# My Moebius 2001 Orion Space Clipper



## rkoenn (Dec 18, 2007)

I've been a roll lately and finished up this Orion clipper today. It is a fairly simple kit but very nice and from my favorite scifi movie ever which I saw in Cinemascope the summer of 1968 when it was released. It blew me away in Cinemascope, it spread across three screens as I recall, and likely had a great influence on why I pursued my career. I added the Acreation decals because it just wouldn't be right without the Pan Am logo.


----------



## xsavoie (Jun 29, 1999)

What a beauty.:thumbsup:


----------



## kdaracal (Jan 24, 2009)

So sharp!


----------



## Xenodyssey (Aug 27, 2008)

What a nice buildup. The decalling and detailling came out very well.


----------



## Els (Mar 13, 2011)

Bob, that did turn out nice. You are right it does look good with the Pan AM decals. I also like what you did with the different shades on the panels.
Nice job.


----------



## rkoenn (Dec 18, 2007)

Thanks everyone but for those who don't know, the panel shading is the decals that are included in the kit. They cover a fair amount of the surface. That said however, putting those kit decals on was a real pain. They did not want to move at all. I would try to slide them into the correct position and they would barely move. I applied more water to the surface before applying the decals and they still did not want to move. One of the cargo bay decals on the top broke into three pieces while trying to move it and I didn't get it exactly back together again. The Pan Am decals from Acreation were normal and I had no trouble moving them into position.


----------



## hal9001 (May 28, 2008)

Impressive, _most_ impressive. Your powers are now complete!

Kudos! :thumbsup:

hal9001-


----------



## John P (Sep 1, 1999)

Very nice!


----------



## Chrisisall (May 12, 2011)

I made that model in the Seventies... but for some reason it didn't come out as EXCELLENT as yours did!!!:thumbsup:


----------



## rkoenn (Dec 18, 2007)

Chrisisall said:


> I made that model in the Seventies... but for some reason it didn't come out as EXCELLENT as yours did!!!:thumbsup:


This was a totally new set of molds unique to Moebius as I understand it. If you built the Aurora it was definitely different as I had the Aurora and might still have it in a box somewhere. It had engine details when you removed the tail cone which this one does not.

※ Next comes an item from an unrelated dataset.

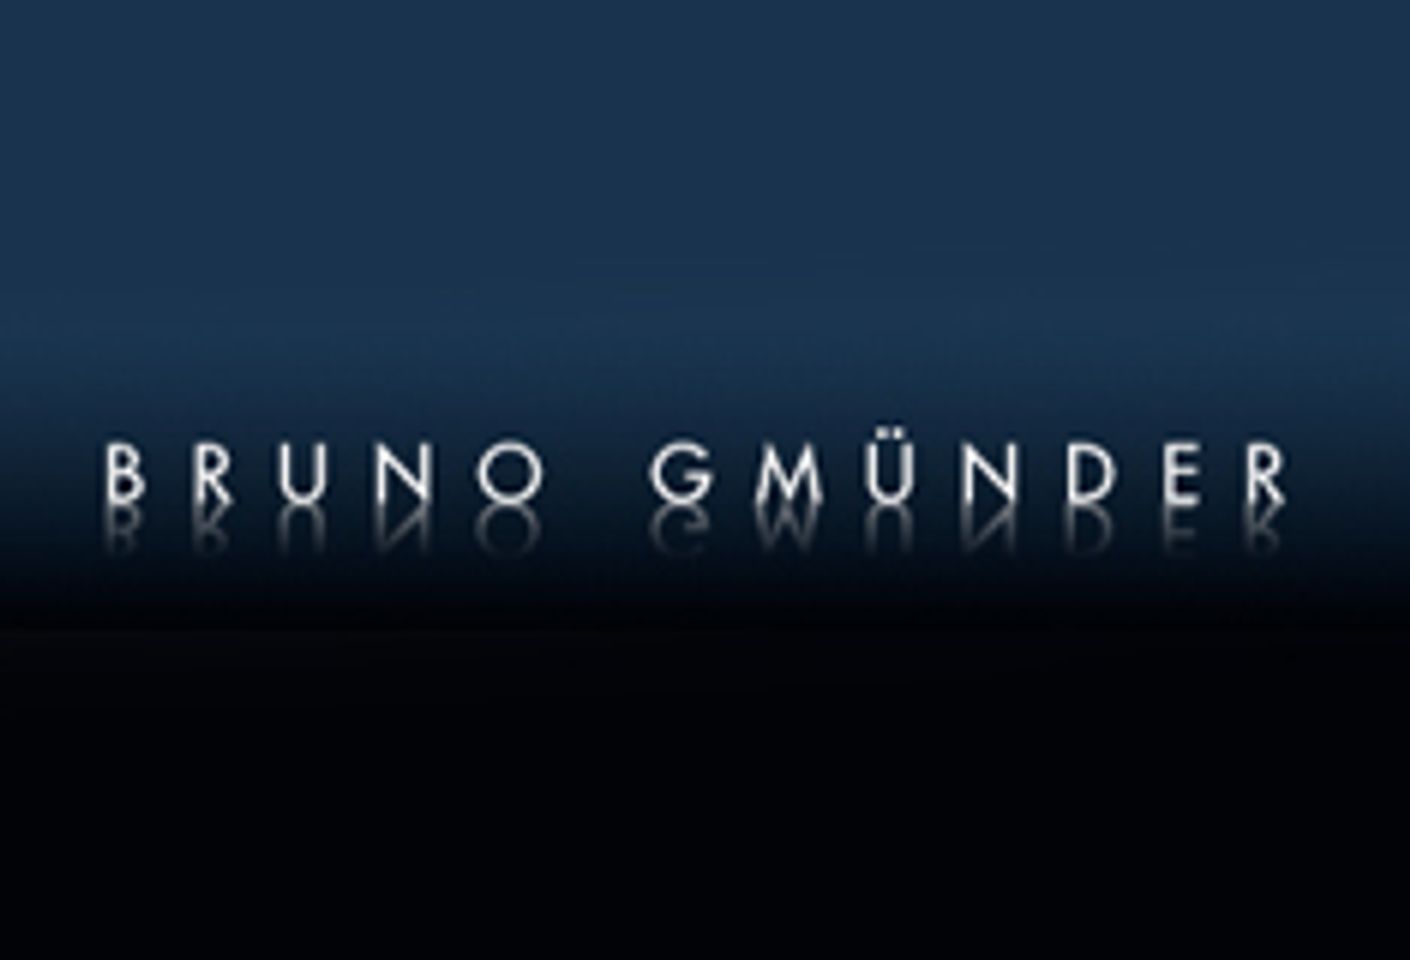 Bruno Gmuender to Publish 3 New Books in March

Overall this is a better model but there are some big differences. I am very pleased with it as I never removed the tail cone anyway once I had it built.


----------



## djnick66 (May 2, 2008)

Very nice work. I passed on this kit as it lacked the correct decals. Plus I have a stack of the Airfix kit already (which does have Pan Am decals)


----------



## gojira61 (May 21, 2008)

What a really beautiful build! 

Jim


----------